> **About this exercise**: The entire listing that follows must be repeated exactly, pictures excluded.

> **Data excerpt**:
====

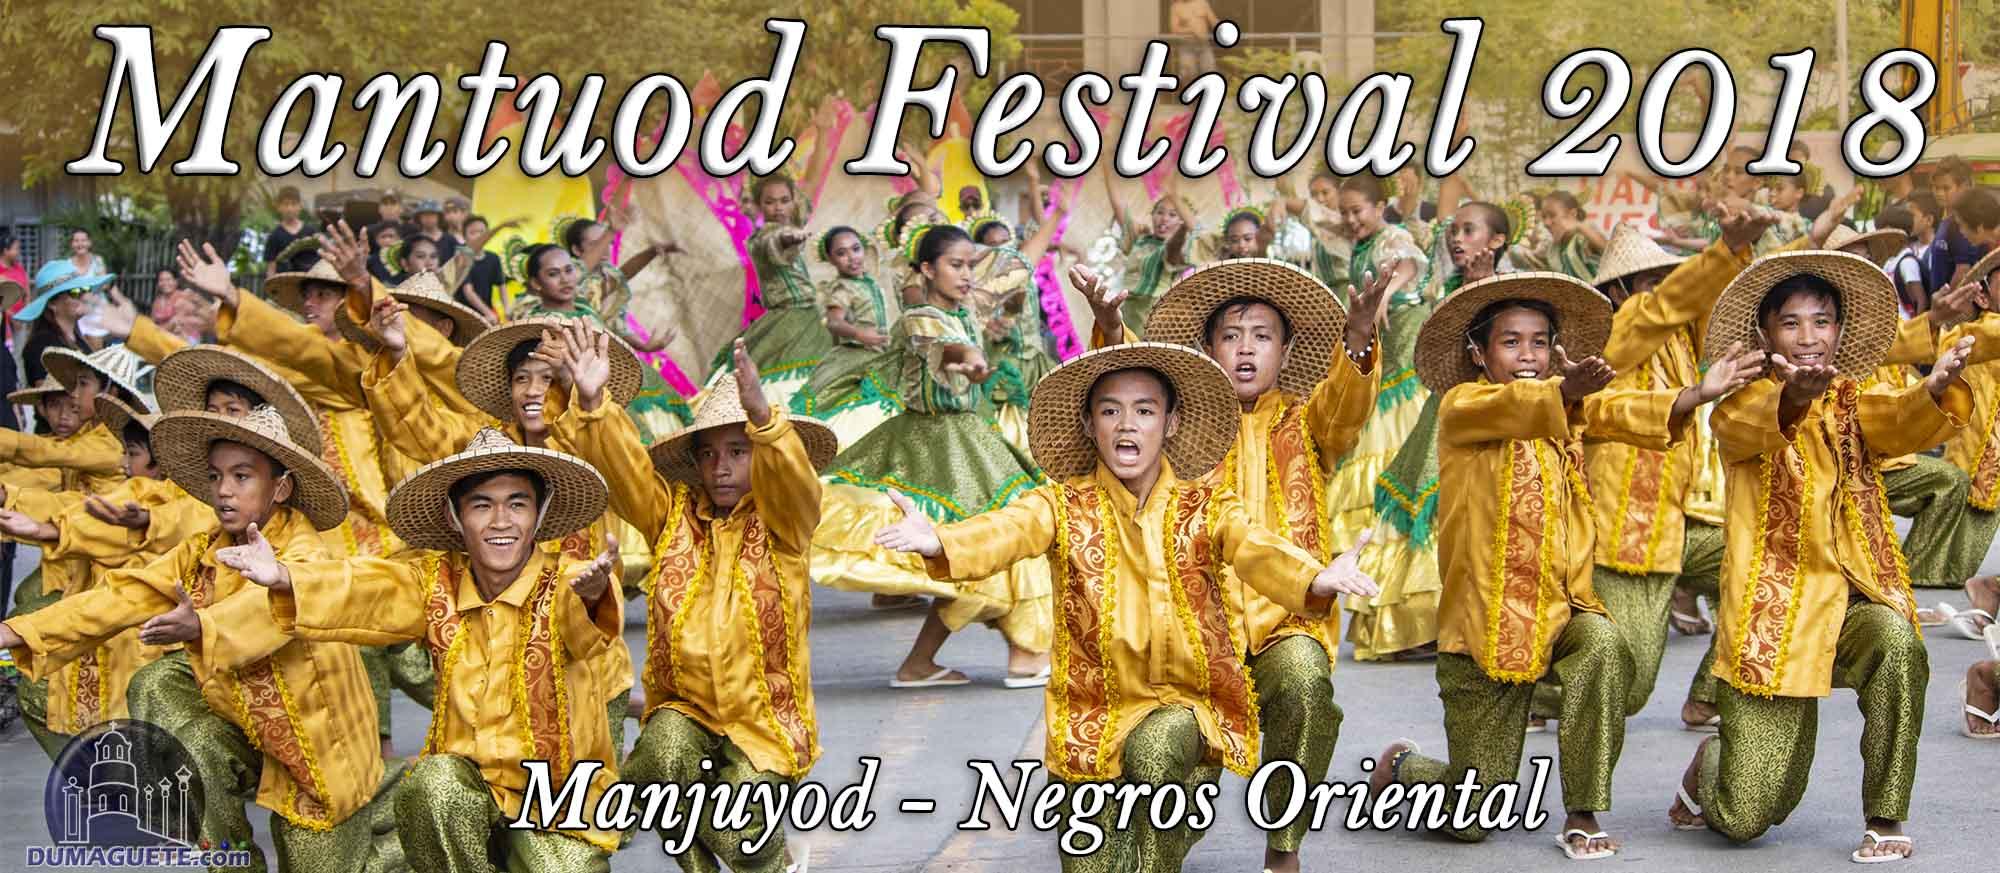 Mantuod Festival 2018 - Manjuyod - Negros Oriental
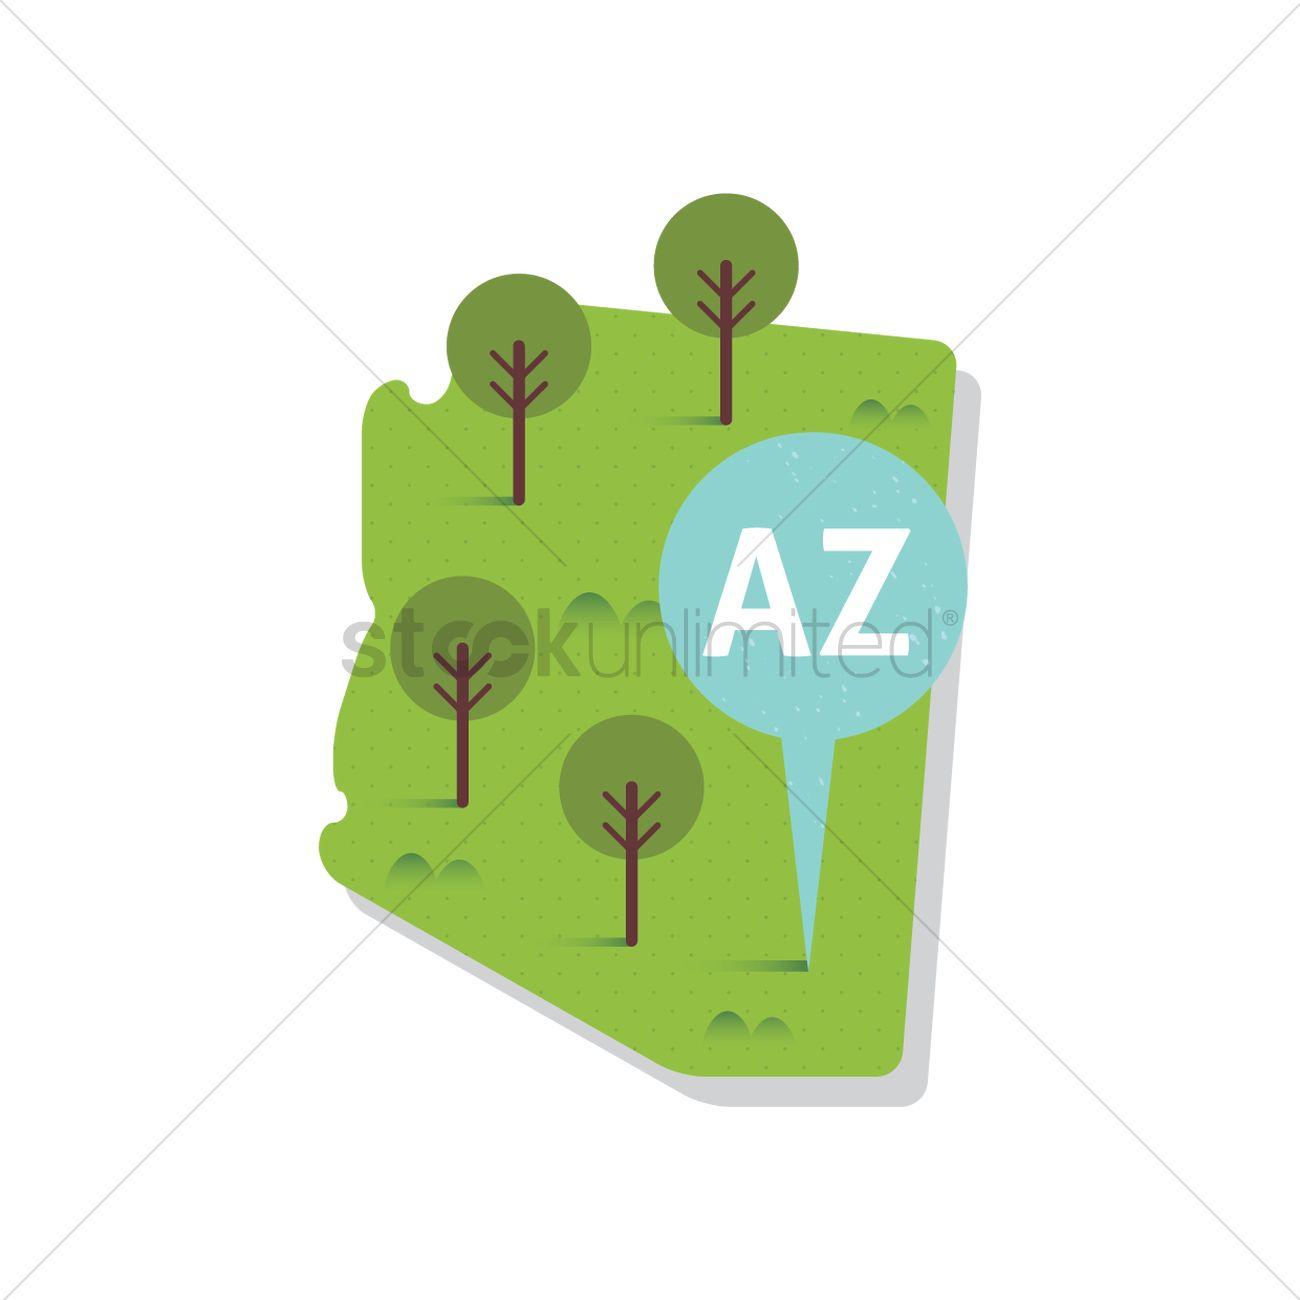 Arizona State Map Free.Free Arizona State Map Vector Image 1557055 Stockunlimited
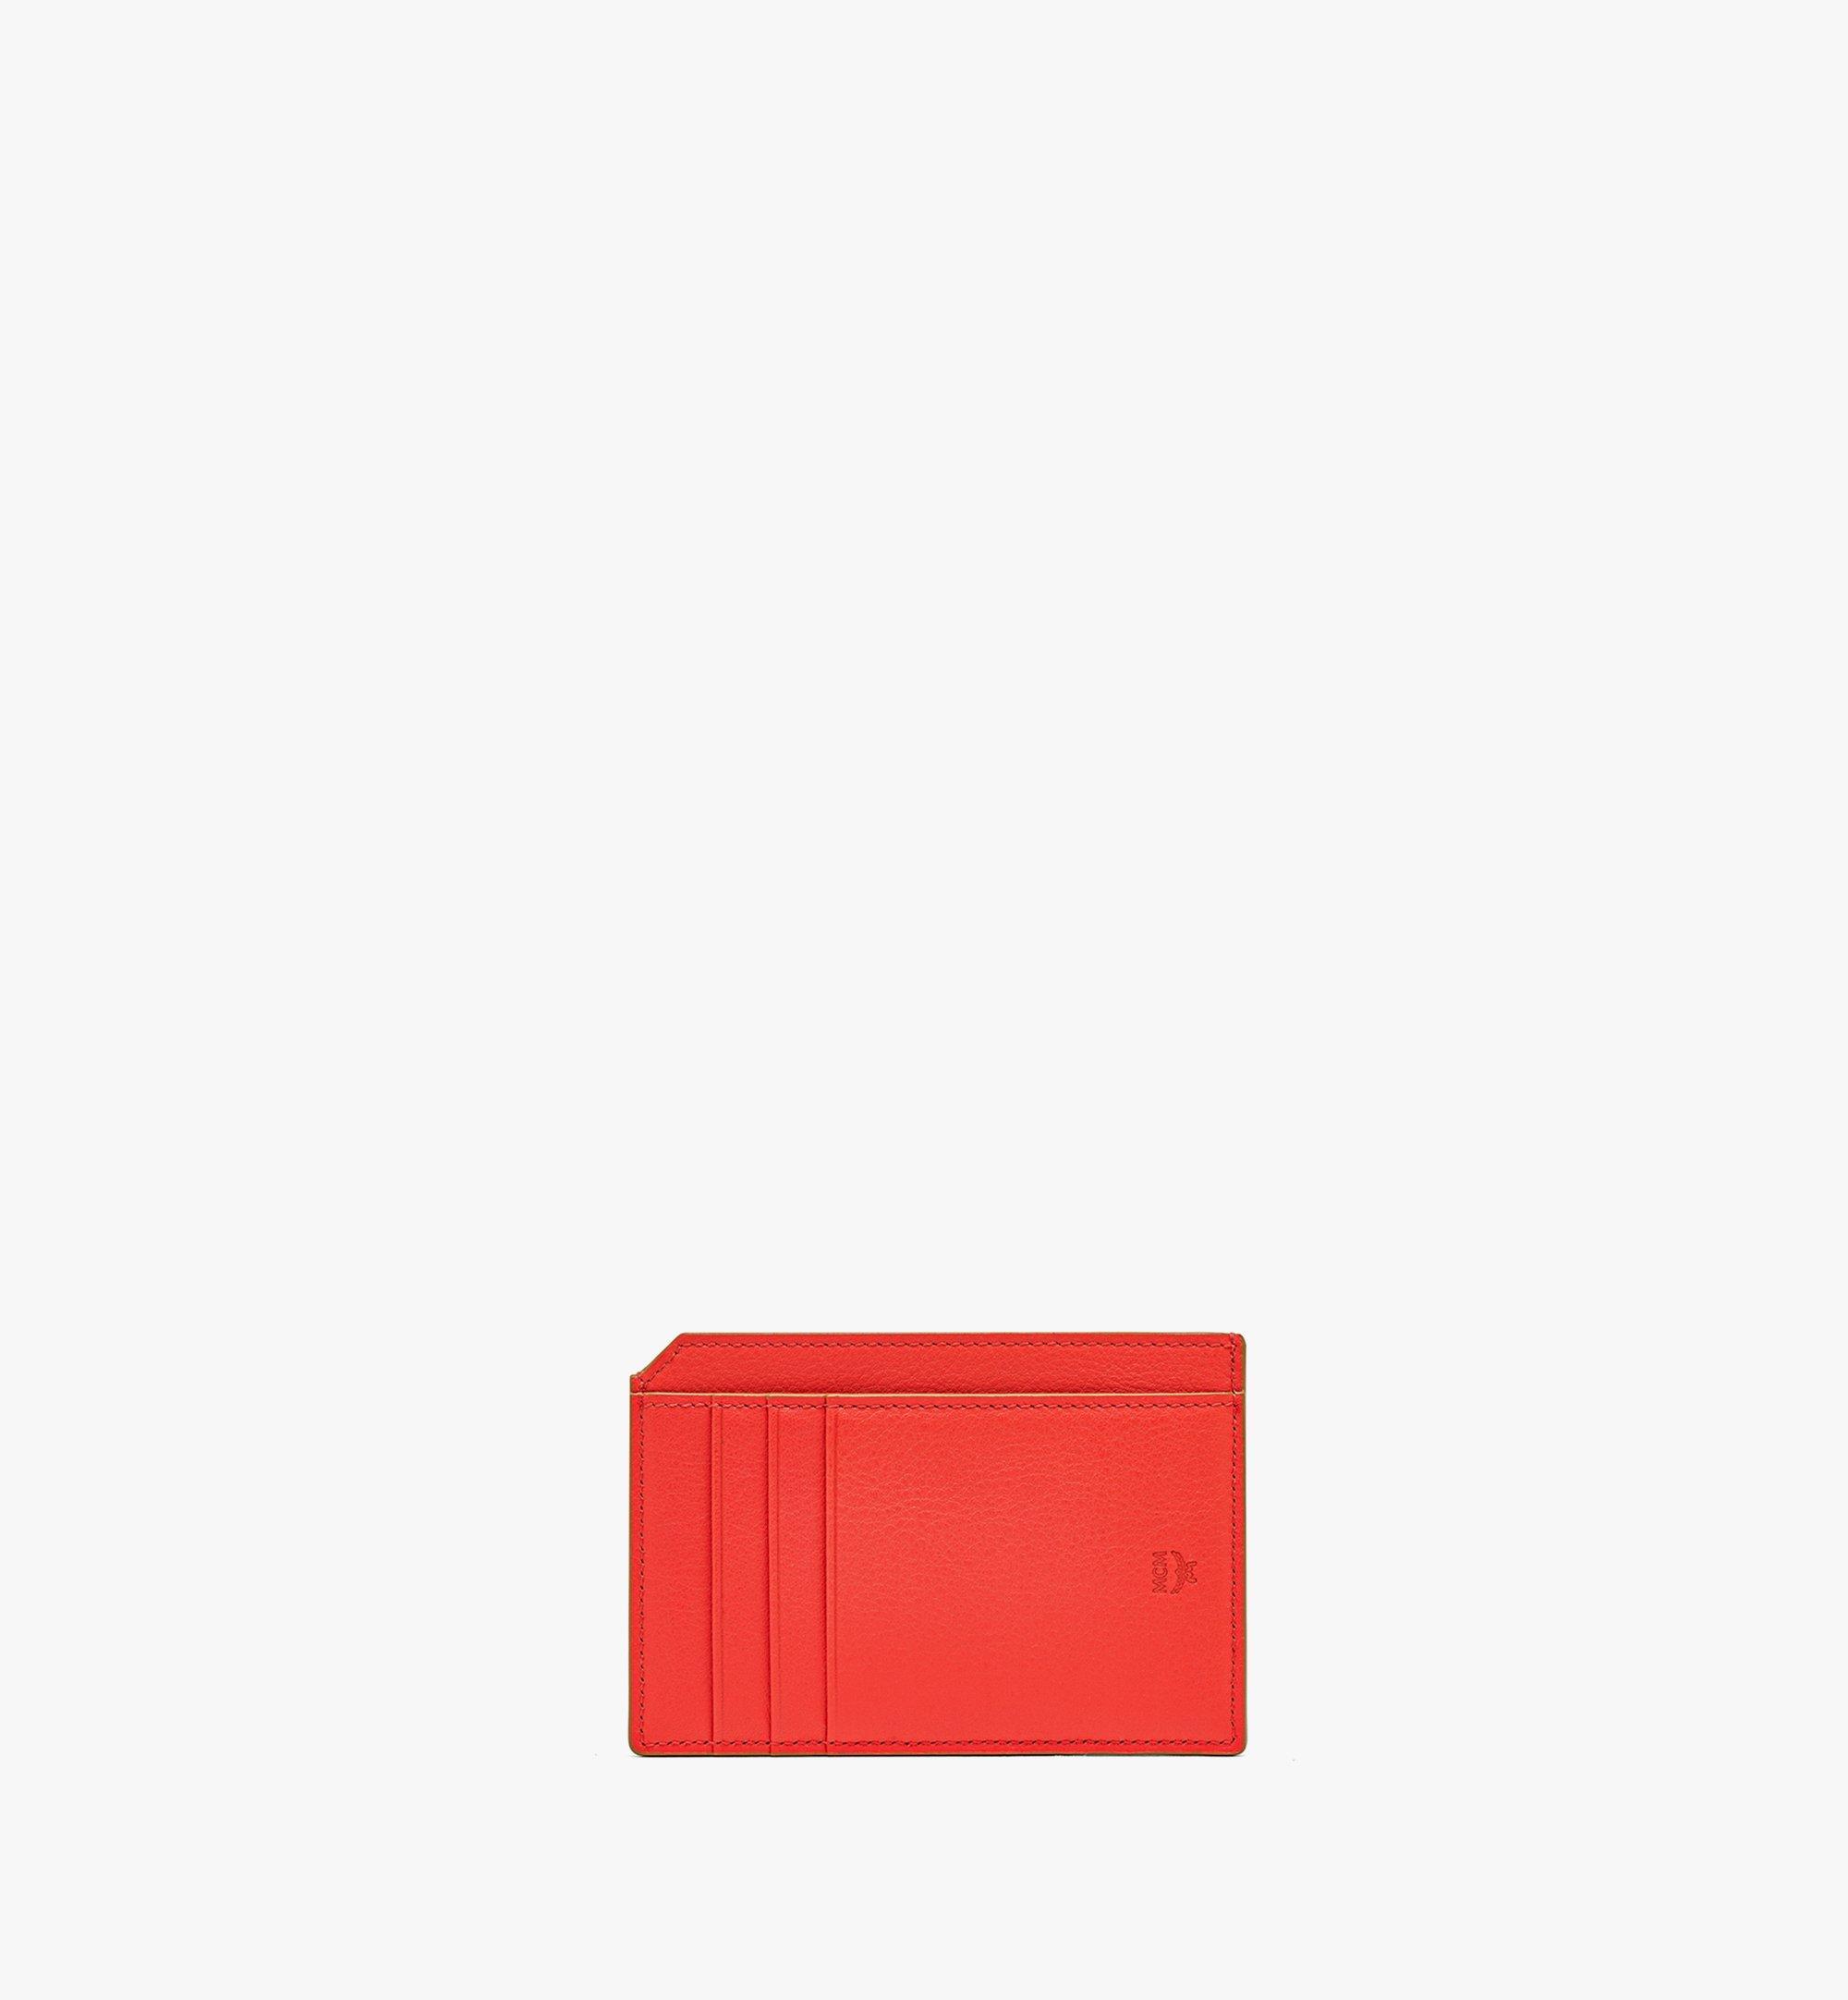 MCM Klara Multifunction Card Holder in Monogram Leather Red MYABSKM01R8001 Alternate View 2
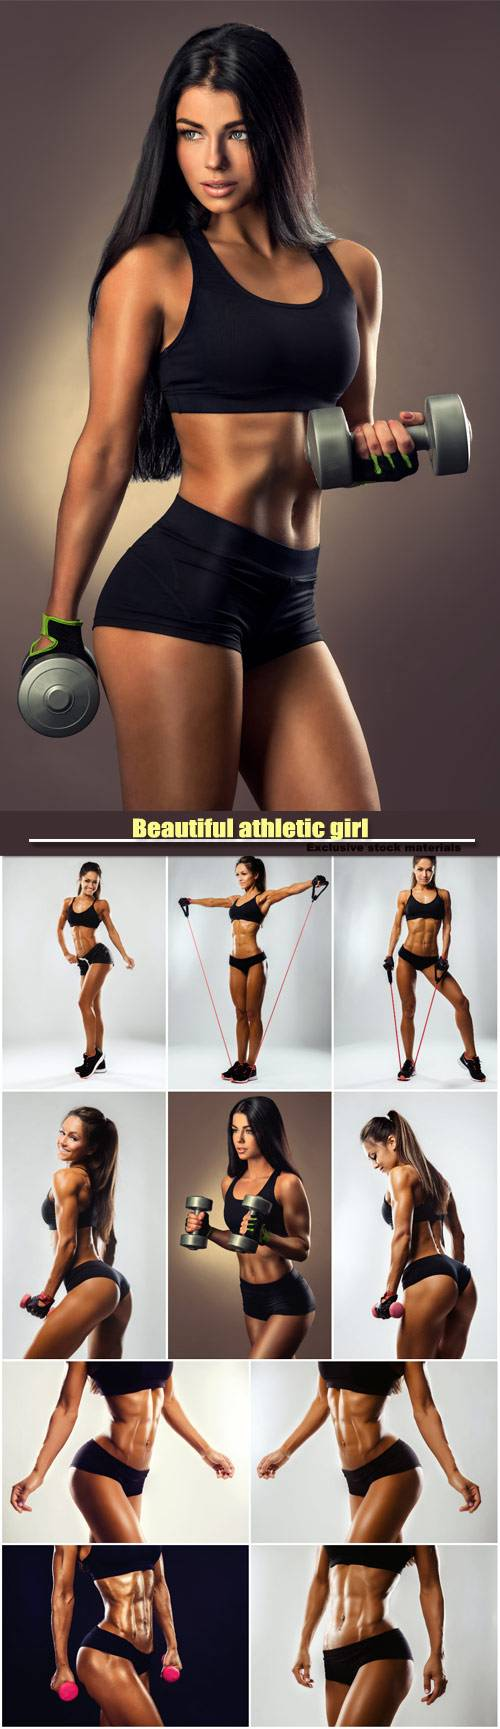 Beautiful athletic girl, exercise

====

> **Response below**:
 Mantuod Festival 2018 - Manjuyod - Negros Oriental
 Arizona State Map Free.Free Arizona State Map Vector Image 1557055 Stockunlimited
 MCM Klara Multifunction Card Holder in Monogram Leather Red MYABSKM01R8001 Alternate View 2
 Beautiful athletic girl, exercise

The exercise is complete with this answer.